Some preferred to break down the decision on a packaging format into two separate questions: the format for bundling the resources (ZIP seems to have the most popular support here) and the manifest format used to describe the contents of a bundle. Jun Fujisawa observed that the manifest is the most important component.

People tend to concern about which packaging method is best suited for packaging XML documents with related resources. I'd like to suggest that it is more important to have a common and standard manifest format (presumably specified in XML) which can be used combined with all of the above packaging method.

Along these lines, Jonathan Borden promoted the use of RDDL as a means for specifying the contents of a resource, while Garret Wilson proposed XPackage, an RDF and XLink based format currently under consideration as a generalised bundling mechanism for the Open EBook format. Wilson outlined the use cases for which the format had been defined.

Interest levels certainly seem high, and a series of proposals provides a pool from which a standard could emerge. The usual avenues are open to achieving this, but an OASIS Technical Committee seems to have the right characteristics of being sufficiently "official" to allow a format to gain traction, while allowing a rapid development cycle. However, as Rick Jelliffe observed, simply standardizing on a format isn't sufficient:

...even if there is an OASIS group that specs it, would vendors get on board? Or would it expose that while they are happy to have document exchange using XML being flexible, but not so happy if it is easy to change applications (and therefore to change products)? Actually, I don't believe that XML tools-vendors are at all happy that setting up applications can be such a major task, nor that they can be difficult to maintain (i.e. with XML one gets a lot of flexibility in the different products we can connect together, but once we have done the work to connect them it is still a big thing to change or update them.) But they would not be expected to move in this area until there is a level of user demand or until they reach the stage in their business where deployability and maintainability become important selling issues.

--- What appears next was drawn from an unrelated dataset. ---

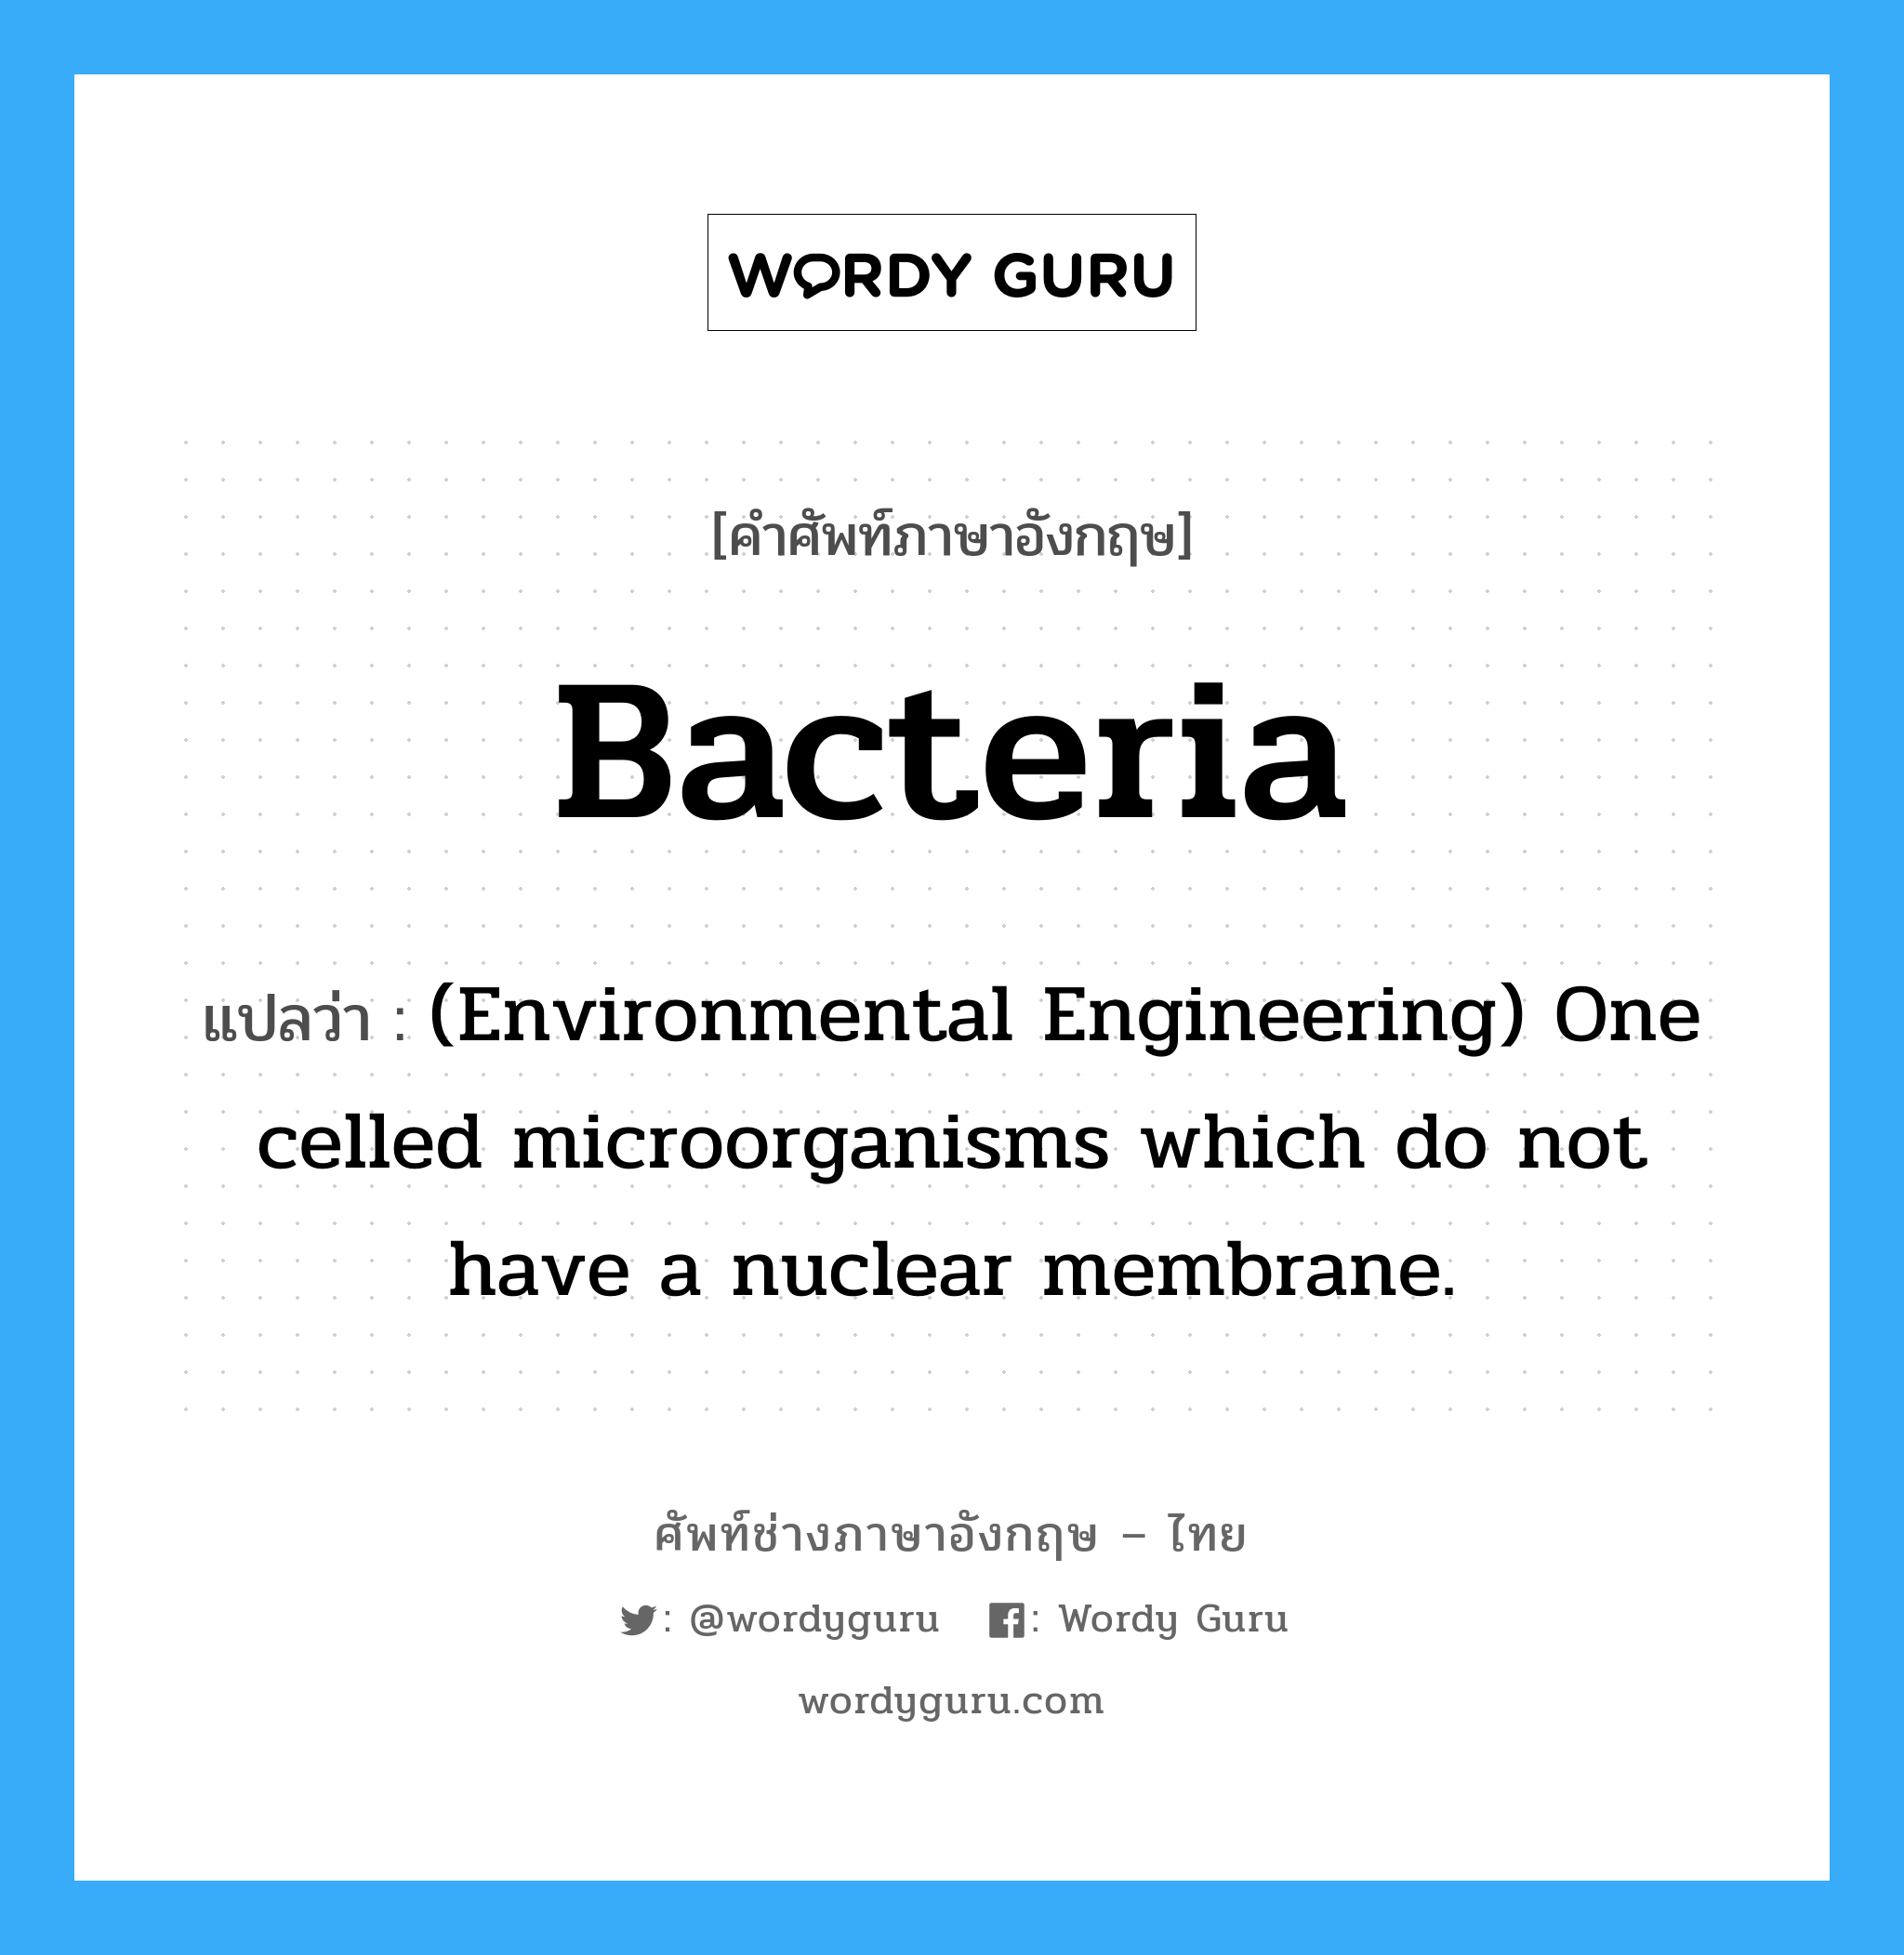 Bacteria แปลว่า?, คำศัพท์ช่างภาษาอังกฤษ - ไทย Bacteria คำศัพท์ภาษาอังกฤษ Bacteria แปลว่า (Environmental Engineering) One celled microorganisms which do not have a nuclear membrane.

The more that XML products are easy to configure and update, the more that they can be successful on the desktop as well as the back-end.

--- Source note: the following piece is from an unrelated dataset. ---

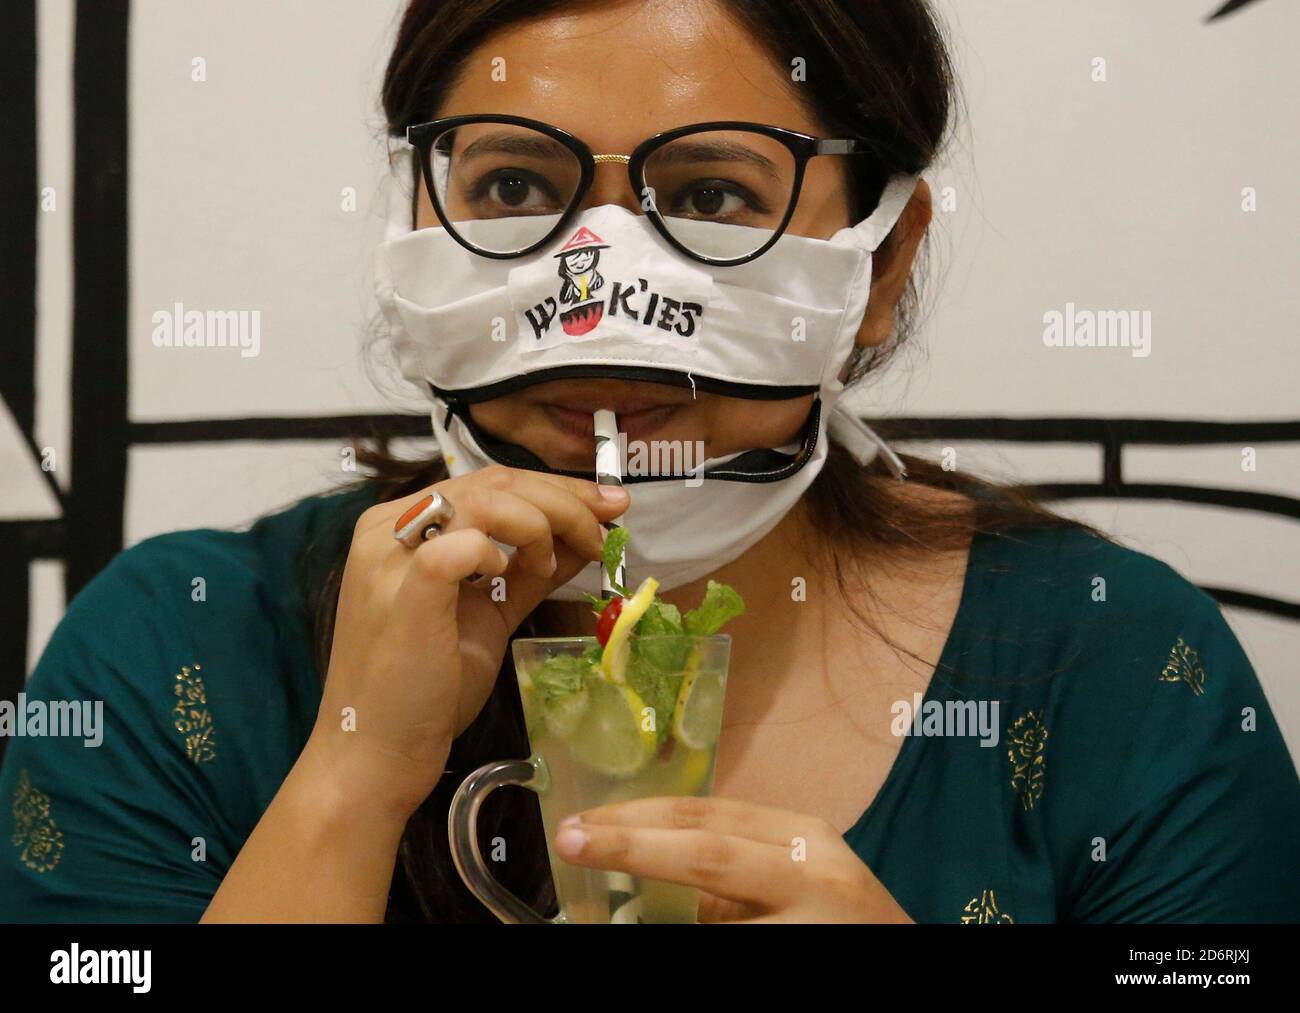 A woman drinks juice using a zip-up mask provided by Wok'ies restaurant in Kolkata, India, October 19, 2020. REUTERS/Rupak De Chowdhuri Stock Photo

The lack of progress on packaging suggests that this user pressure has yet to be applied, or that the market is still not sufficiently mature for factors other than rote lists of specification support to become selling points. Packaging seems very low hanging fruit which the XML community could pluck quickly. Whether XAR shares the same fate as some other useful (but unglamorous) proposals and gets thrown on the discarded ideas pile will remain to be seen. But for XML to really become an invisible part of the infrastructure, these fundamental issues need resolving.